# Kmeta in spray bottle



## timber (Dec 21, 2011)

I don't remember which one of our fine members made the suggestion but putting some Kmeta solution in a spray bottle worked very well during my first batch primary stage.

Put the remainder of the gallon of Kmeta solution in the primary bucket to sterilize equipment but it's very handy to have the spray bottle to sterilize anything going into the must or after it comes out of the must.

I like it, thanks to whoever mentioned it!


----------



## Wade E (Dec 21, 2011)

Ive doing this for a long time and we also keep a bucket full of corks with a bottle of kmeta open to keep our corks sanitized. The bucket has to be sealed good.


----------



## Runningwolf (Dec 21, 2011)

Dave I couldn't agree more. I started out using a wallpaper tray for sanitizing long spoons and stuff until Wild Wade told me about the spray bottle.


----------



## milbrosa (Dec 28, 2011)

Wade, I have an All-Juice bucket that I use as a cork safe. I pour a half inch of Sodium Metabisulfite solution in the bottom, and put my corks in a plastic collander that drops into the bucket just far enough for me to close the tight-sealing lid. The bottom of the collander is a good foot above the liquid. 

I left some corks in the safe for an entire year. They were #9x1.75 inch agglomerated corks. When I finally bottled with them a year later, they had become saturated and puffy. The bucket was so well sealed that the Na-meta had not evaporated. It still had plenty of stink.
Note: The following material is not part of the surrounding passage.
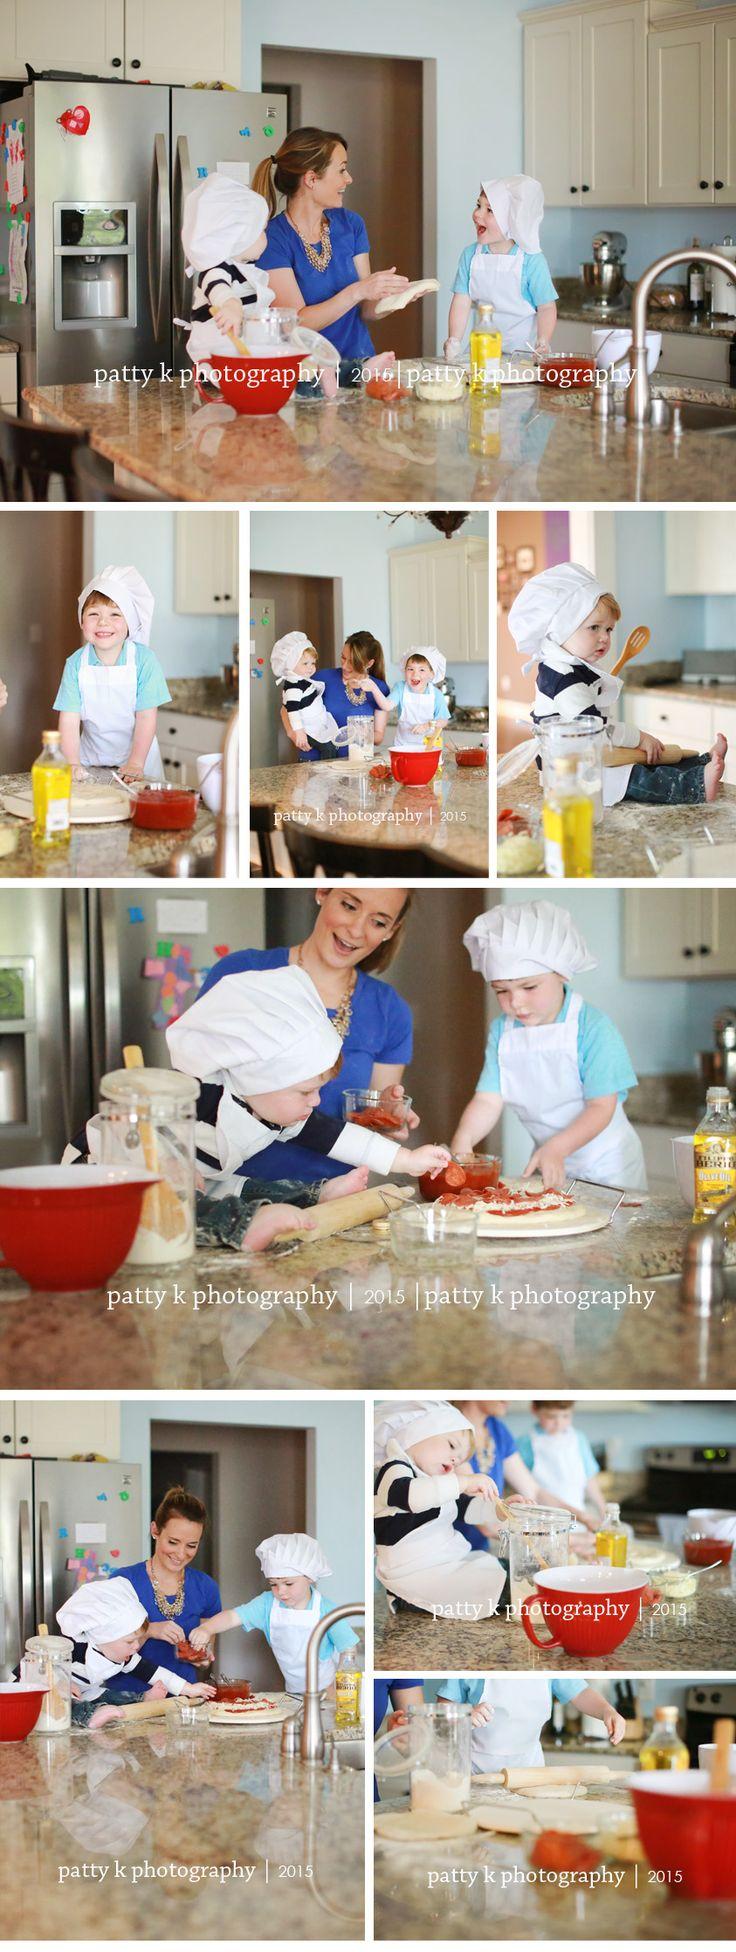 Mom & her Boys | Lifestyle Imagination Session | Fayetteville, NC Child Photographer | Patty K Photography

The soft puffy corks slid into the bottles like they were made of butter, or at least like El Salvadoran corn masa. Unfortunately, they slid right back out on their own from the pressure of the air compressed below them. I could not get them to stay put in the bottle. A half hour after bottling, I had to pull them all out (an easy job, as I could just pull them by hand) and replace them with fresh sanitized corks. 
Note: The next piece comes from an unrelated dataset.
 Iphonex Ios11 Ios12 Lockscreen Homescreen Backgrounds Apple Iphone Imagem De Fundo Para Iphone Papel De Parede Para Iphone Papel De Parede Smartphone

Since then, I put my corks in the fumigating cork safe just a day before I bottle.


----------



## Rocky (Dec 29, 2011)

An inexpnsive and handy tool for sanitizing corks is a common kitchen salad spinner. I have an old one where I put the corks into the basket and the solution in the bottom of the bowl of the spinner and put the top on. Works great.


----------



## Wade E (Dec 29, 2011)

Milbrosa, That method that you were using is for quick sanitizing like you are doing now. You need to keep the corks below the liquid. Either that or they were poor quality corks. Ive buy corks in bulk and keep a gallon wine jug in the middle open 1/2 filled with the solution and have had corks in there for around 1 year no problem.


----------



## djrockinsteve (Dec 29, 2011)

I tend to spray everything before and after cleaning, even my hands.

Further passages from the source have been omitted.